The following normal gauge steam locomotive classes were reconstructed by the Deutsche Reichsbahn and regrouped into a new class or sub-class:

- 1962-1965: 35 locomotives of DRG Class 01 to DR Class 01.5
- 1969-1972: 52 locomotives of DRG Class 03
- 1959: 16 locomotives of DRG Class 03.10
- 1958-1962: 85 locomotives of DRG Class 39 to DR Class 22
- 1957-1960: 80 locomotives of DRG Class 41 to DR Class 41 (Reko)

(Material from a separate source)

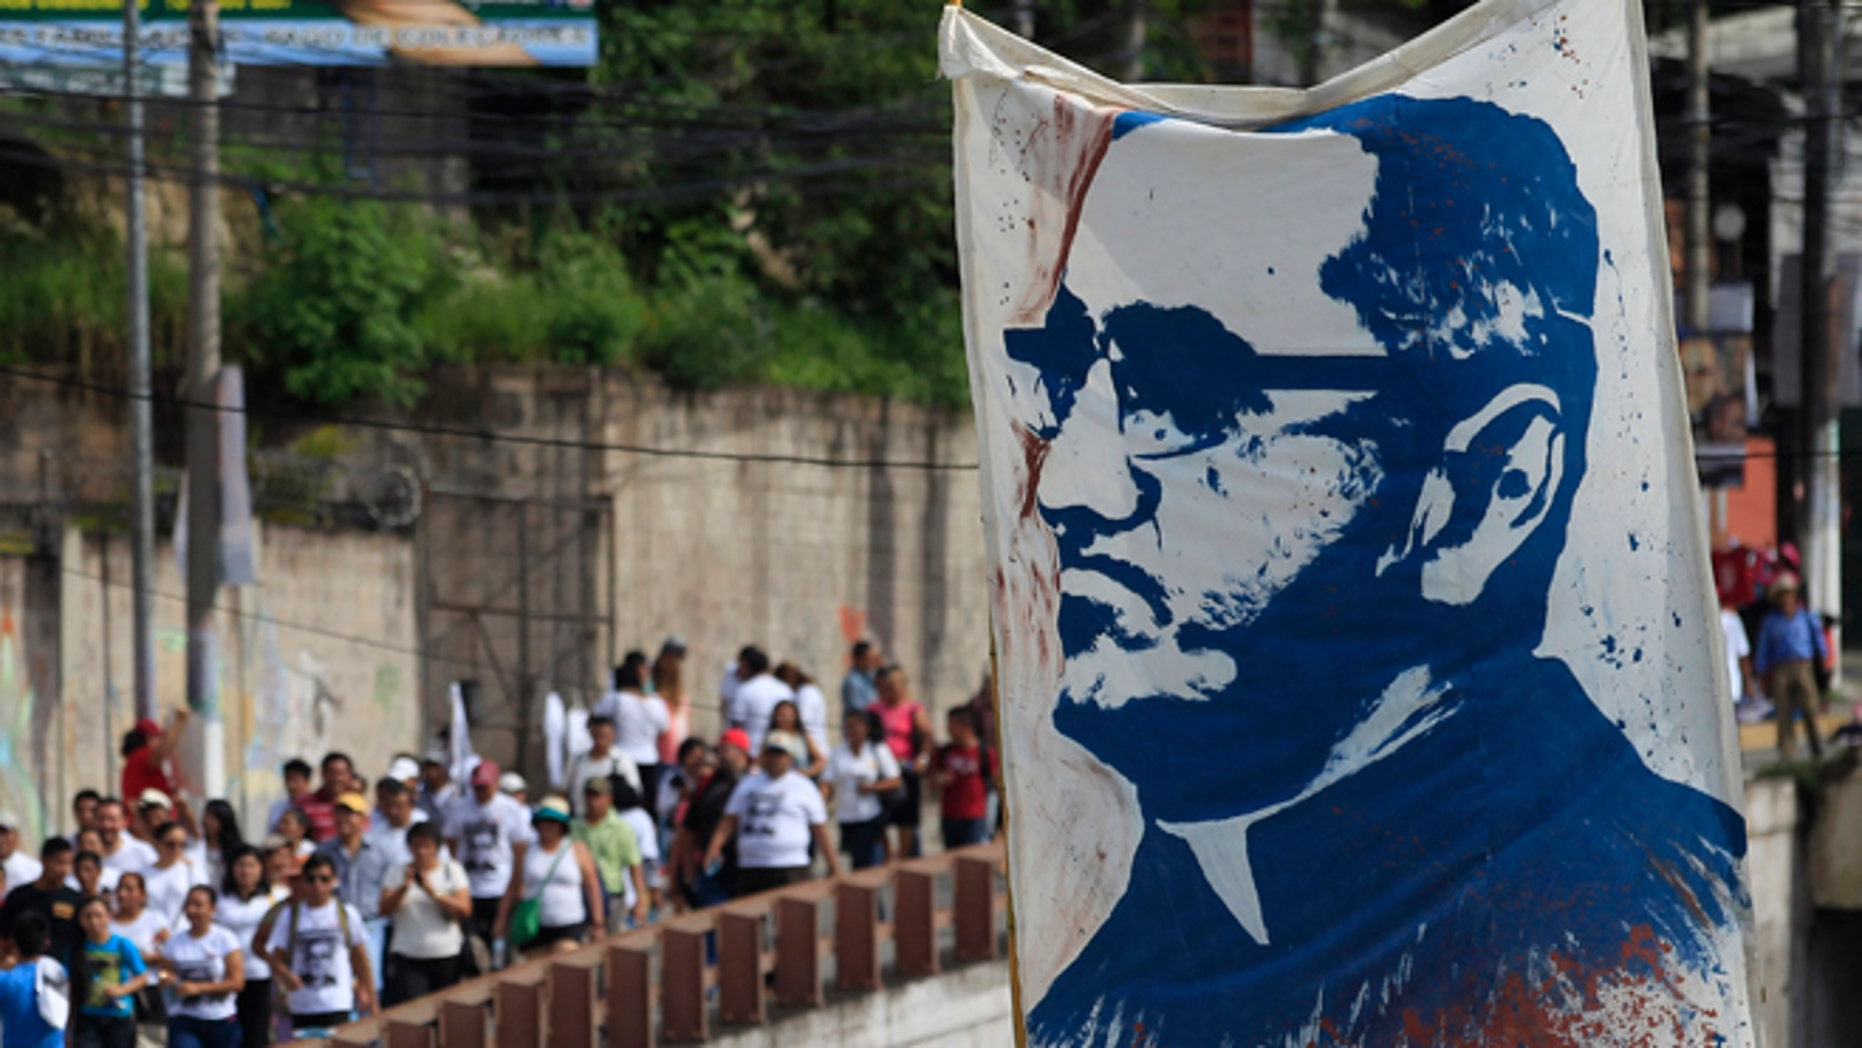 Pilgrims carry a portrait of Archbishop Oscar Romero in San Salvador, Saturday, May 23, 2015.

- 1957-1961: 208 locomotives of DRG Class 50 to DR Class 50.35-37
- 1960-1965: 154 locomotives of DRB Class 52 to DR Class 52.80
- 1958-1962: 56 locomotives of DRG Class 58 (ex Prussian G 12) to DR Class 58.30
and as individual vehicles for experimental testing and, sometimes, trials equipment platforms:
- 1961-1965: 5 experimental locomotives: VES-M Halle DR 18 201, 18 314, 19 015, 19 022, 23 001 (DRG)

The VES-M Halle in Halle (Saale) was responsible for the reconstruction programme.